Unable to handle kernel NULL pointer dereference at 0000000000000000 RIP:
<ffffffff80279b65>{elf_core_dump+2325}
PGD 25805067 PUD 36416067 PMD 0
Oops: 0002 [1]
CPU 0
Modules linked in: it87 hwmon_vid eeprom 12c_isa uhci_hcd quickcam ohci_hcd
Pid: 0, comm: swapper Not Tainted 2.6.17-gento-r8 #2
RIP: 0010:[<ffffffff80279b65>] <ffffffff80279b65>{elf_core_dump+2325}
RSP: 0018:ffffffff8076bfa8  EFLAGS: 0010046
RAX: 0000000000000000 RBX: ffffffff8080def8 RCX: ffff81003ff80d5f
RDX: 0000000000000000 RSI: 0000000000000002 RDI: ffffffff80773298
RBP: 0000000008e00000 R08: ffffffff8080c000 R09: 0000000000000004
R10: ffff81003fbd77c0 R11: 0000000000000025 R12: 0000000000000000
R13: 0000000000000000 R14: 0000000000000000 R15: 0000000000000000
FS:  00002b8c31481d80(0000) GS:ffffffff80805000(0000) knIGS:0000000000000000
CS:  0010 DS: 0018 ES: 0018 CR0: 000000008005003b
CR2: 0000000000000000 CR3: 0000000029d71000 CR4: 00000000000006e0
Process swapper (pid: 0, threadinfo ffffffff8080c000, task ffffffff8066a2e0)
Stack: ffffffff80268be0 ffffffff8025ecf2 ffffffff8080def8  <EOI> ffff81003e56f540
       ffffffff8066a2e0 000000749e1e5911 000000000000000a ffffffff805ed4fd
       ffffffff80260f1f 0000000000000025
Call Trace: <IRQ> <ffffffff80268be0>{default_idle+0}
       <ffffffff8025ecf2>{apic_timer_interrupt+98} <EOI> <ffffffff80260f1f>{thread_return+0}
       <ffffffff80268c0a>{default_idle+42} <ffffffff80248ced>{cpu_idle+61}
       <ffffffff8080f84f>{start_kernel+495} <ffffffff8080f255>{_sinittext+597}

Code: 00 00 00 65 48 8b 04 25 00 00 00 00 48 39 c7 75 35 48 8b 47
RIP <ffffffff80279b65>{elf_core_dump+2325} RSP <ffffffff8076bfa8>
CR2: 0000000000000000
 <0>Kernel panic - not syncing: Attempted to kill the idle task!

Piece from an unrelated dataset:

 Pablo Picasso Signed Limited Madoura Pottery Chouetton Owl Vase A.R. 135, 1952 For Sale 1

the comm is still swapper, but now it gives a null pointer error in elf_core_dump.

Comment 3 Daniel Drake (RETIRED) gentoo-dev

2006-09-20 15:11:38 UTC

This really smells like a hardware problem to me. In the last trace you posted the error actually occurred in elf_core_dump - this function is only called when a userspace process crashed. So it looks like not only did some program crash, the kernel then crashed trying to deal with the crash!

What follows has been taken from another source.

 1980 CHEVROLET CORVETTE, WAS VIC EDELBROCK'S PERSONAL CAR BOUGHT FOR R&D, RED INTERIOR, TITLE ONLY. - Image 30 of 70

Comment 4 Rick 2006-09-20 17:07:15 UTC

To certain extent I agree with your essement.

I had kernel stability problems in the past while running gentoo on this system so I ran Suse for a few weeks on the same machine and it didn't seem to have trouble.  With Suse I couldn't get software configured the way I wanted it, with out recompiling many packages myself, so I switched back to gentoo.  Perhaps they have more conservative settings, or some things are disabled in their kernel that I enable in my kernel.

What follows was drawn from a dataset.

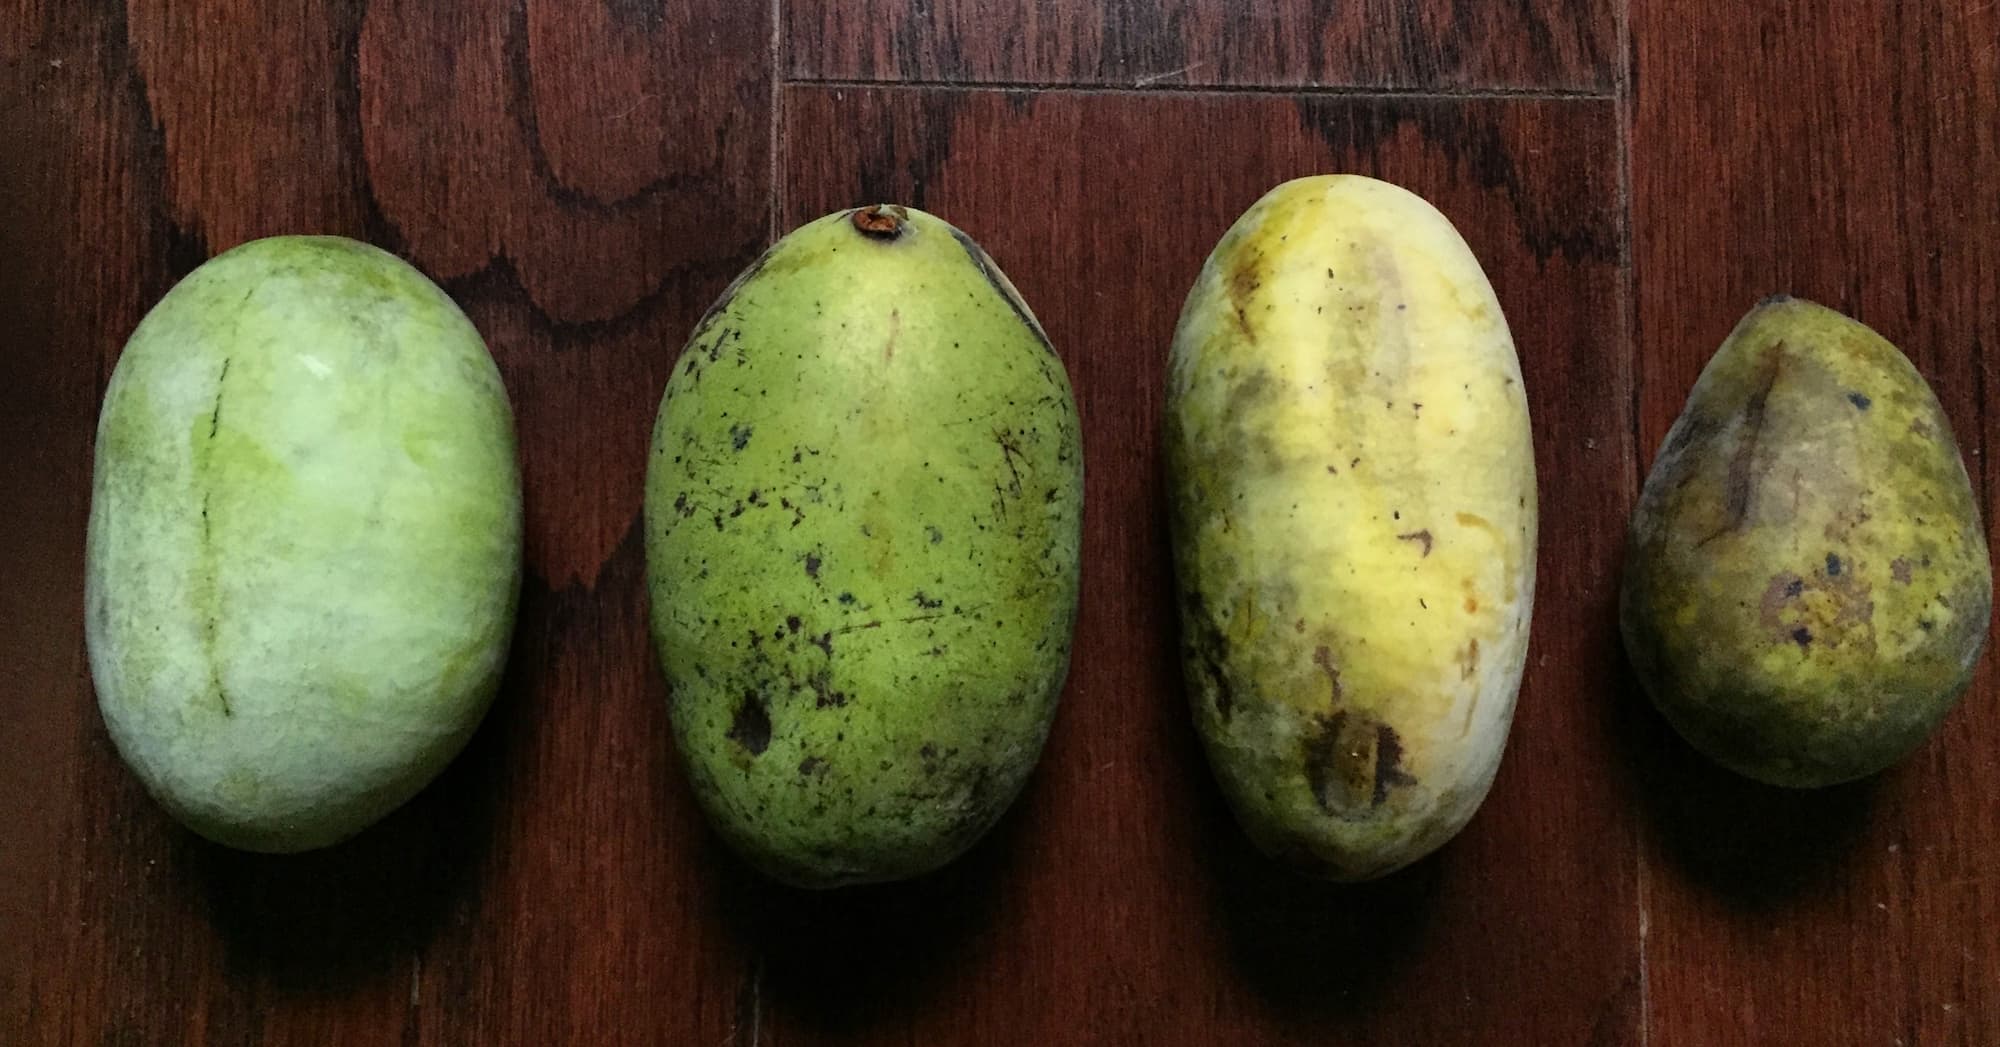 A comparison of four pawpaws from least to most ripe, left to right. The two on the right side are ready to eat.

I've checked the ram with memtest on the livecd and all seems ok there.

Since the comm is always swapper do you think it might be a problem with the drive my swap file is on? Or is it impossable to tell from a kernel oops where trouble might lay in the hardware?

any suggestions or ideas?

I'll troubleshoot from a hardware perspective, remove un-nescarry drives, cards, and make sure there are safe defaults set in bios etc. to see if I can't discover a hardware issue.

Comment 5 Rick 2006-11-29 15:15:51 UTC

I ended up replacing the hardware and my new box is stable, so it nust have been a hardware issue.